Post Market Surveillance Specialist 1

📋 Description

• • Own the end-to-end life-cycle of every post-market complaint from initial intake through final closure, ensuring that each case is documented, coded, and tracked in strict accordance with FDA 21 CFR Part 820, ISO 13485, and Fresenius Medical Care’s global Quality Management System.
• • Act as the primary liaison between patients, caregivers, customer service, sales, marketing, manufacturing, and Corporate Quality Engineering to gather missing data, retrieve suspect devices or samples, and drive timely, evidence-based investigations that protect patient safety and uphold product integrity.
• • Receive, triage, and accurately enter complaints arriving via phone, e-mail, fax, CRM portals, and verbal reports into the validated Complaint Management Database within 24 hours of receipt, applying GDP, ALCOA+ principles, and the master symptom/severity code list to ensure traceability and regulatory readiness.
• • Draft and send professional acknowledgement and response letters to customers and patients in both English and Spanish, providing empathetic preliminary support, clear timelines, and next-step expectations that strengthen trust in the Fresenius brand.
• • Partner with RTG manufacturing sites and Technical Service teams to verify the correct status of durable equipment reports before system transfer, eliminating duplicate entries and preventing data integrity gaps that could trigger audit findings.
• • Perform weekly and ad-hoc queries using Crystal Reports, MS Access, and advanced Excel functions to extract complaint data, identify emerging safety signals, and generate trend analyses that feed directly into CAPA, risk management files, and executive dashboards.
• • Review completed investigation packets for completeness, accuracy, and consistency; ensure that root cause, corrective action, risk assessment, and clinical evaluation sections are present and aligned before authorizing formal closure of complaint files.

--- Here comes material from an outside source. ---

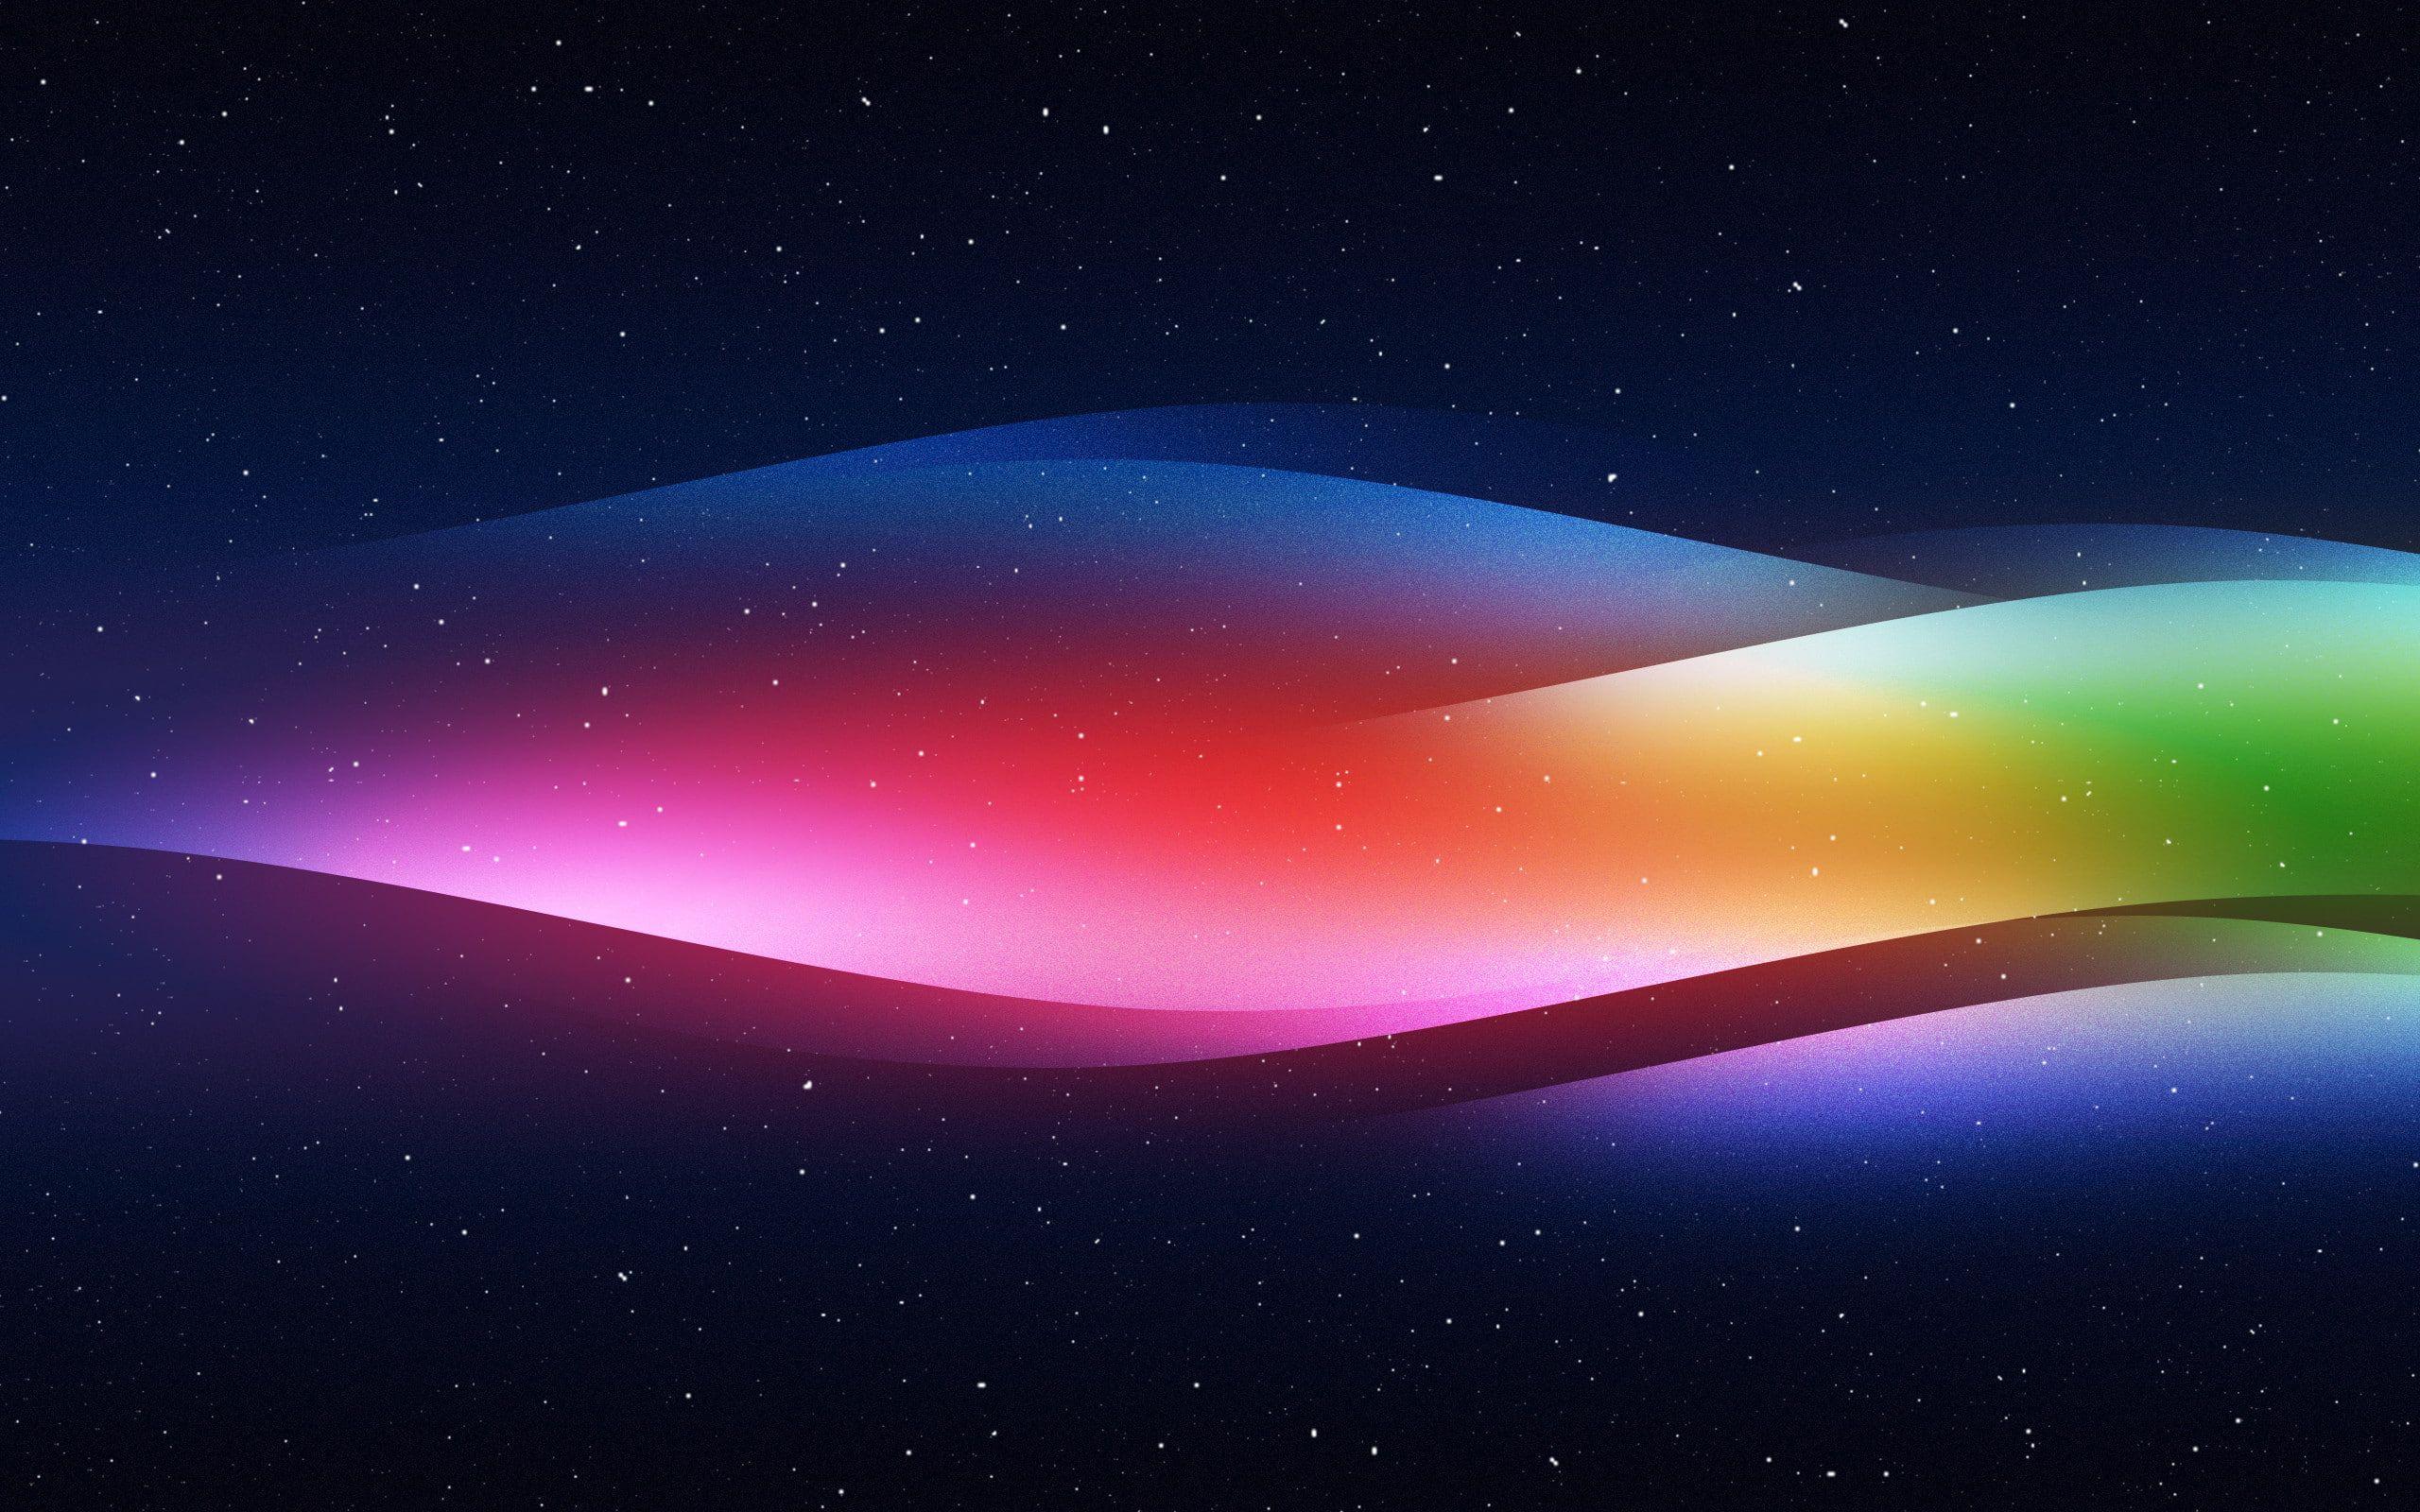 Spectrum 4k 8k Hd Colorful 2k Wallpaper Hdwallpaper Desktop Hd Wallpaper Hd Wallpaper Desktop Horror Wallpapers Hd

• • Maintain a personal accuracy rate of ≥95 % on all data entry, coding, and correspondence activities, participating in quarterly internal audits and external FDA/Notified Body inspections with zero critical observations.
• • Contribute to cross-functional process-improvement projects—such as complaint form redesign, e-signature workflows, or AI-assisted coding pilots—that reduce cycle time, enhance user experience, and strengthen global regulatory compliance.
• • Champion the Fresenius Compliance Program by staying current on MDR, IVDR, and FDA guidance documents; complete all assigned training modules on time and mentor junior specialists on GDP, risk-based thinking, and bilingual customer communication.
• • Foster a culture of curiosity, humility, and collaboration by sharing lessons learned during monthly Quality huddles, celebrating team wins, and volunteering for sustainability initiatives that align with Fresenius’ mission of “caring for life.”
• • Thrive in a fast-paced, multicultural environment where self-discipline, hard work, and truthfulness are valued; seize every opportunity to make a tangible difference in the lives of more than 345,000 patients worldwide who depend on Fresenius therapies every day.